Venlafaxine, as a phenylethylamine derivative, is currently the most common antidepressant drug.29 Various studies have confirmed that venlafaxine can upregulate a variety of Wnt/β-catenin signaling pathway-related proteins and activate the entire Wnt/Β–catenin signaling pathway.30–32 SHSY-5Y cells, a cell line derived from neuroblastoma, can also be infected with various viral vectors while exhibiting neuronal cell characteristics.

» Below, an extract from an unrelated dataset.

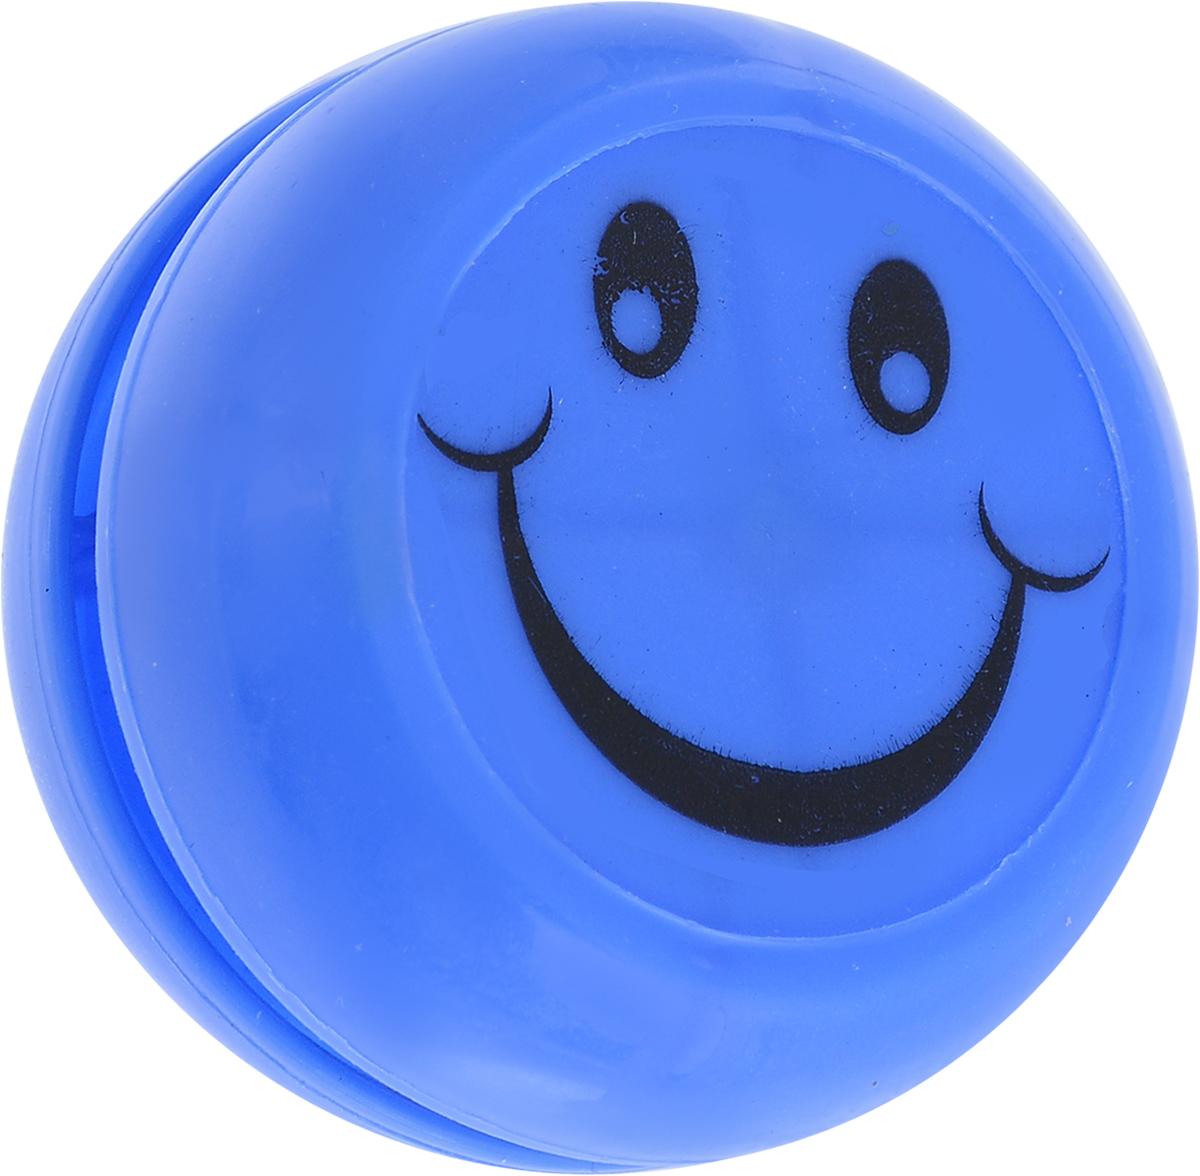 Sima-land Йо-йо Смайл цвет синий

In this study, we constructed the model of hypoxia-induced by cobalt chloride on the basis of SHSY-5Y cells. Under the condition of hypoxia-induced by cobalt chloride, we found that the expression of HIF-1α was up-regulated in SHSY-5Y cells and the expression of β-catenin was down-regulated. When siRNA targeting HIF-1α was added to the cultured cell system, the down-regulation of β-catenin expression in SHSY-5Y cells was restored. This confirmed the “hypoxia-HIF-1α-Wnt/β-catenin–depression” axis.33–36 Further studies have shown that venlafaxine could alleviate neuronal apoptosis induced by hypoxia by upregulating the Wnt/β–catenin signaling pathway.37–39

From the results of this study, we can obtain some clinical benefits. Such as Detecting HIF-1α to early diagnose/predict the incidence of depression, finding key nodes in the hypoxia-HIF-1α-Wnt/β-catenin-depressive axis, and screening for effective small molecule targeting agonists or antagonists is expected to effectively treat depression.

Conclusions

In this study, we established models of neuron hypoxia induced by CoCl2 based on SHSY-5Y cells. The results showed that venlafaxine can alleviate neuronal apoptosis induced by hypoxia through upregulating Wnt/β-catenin signaling pathway, which provides a new theoretical basis for the treatment of depression.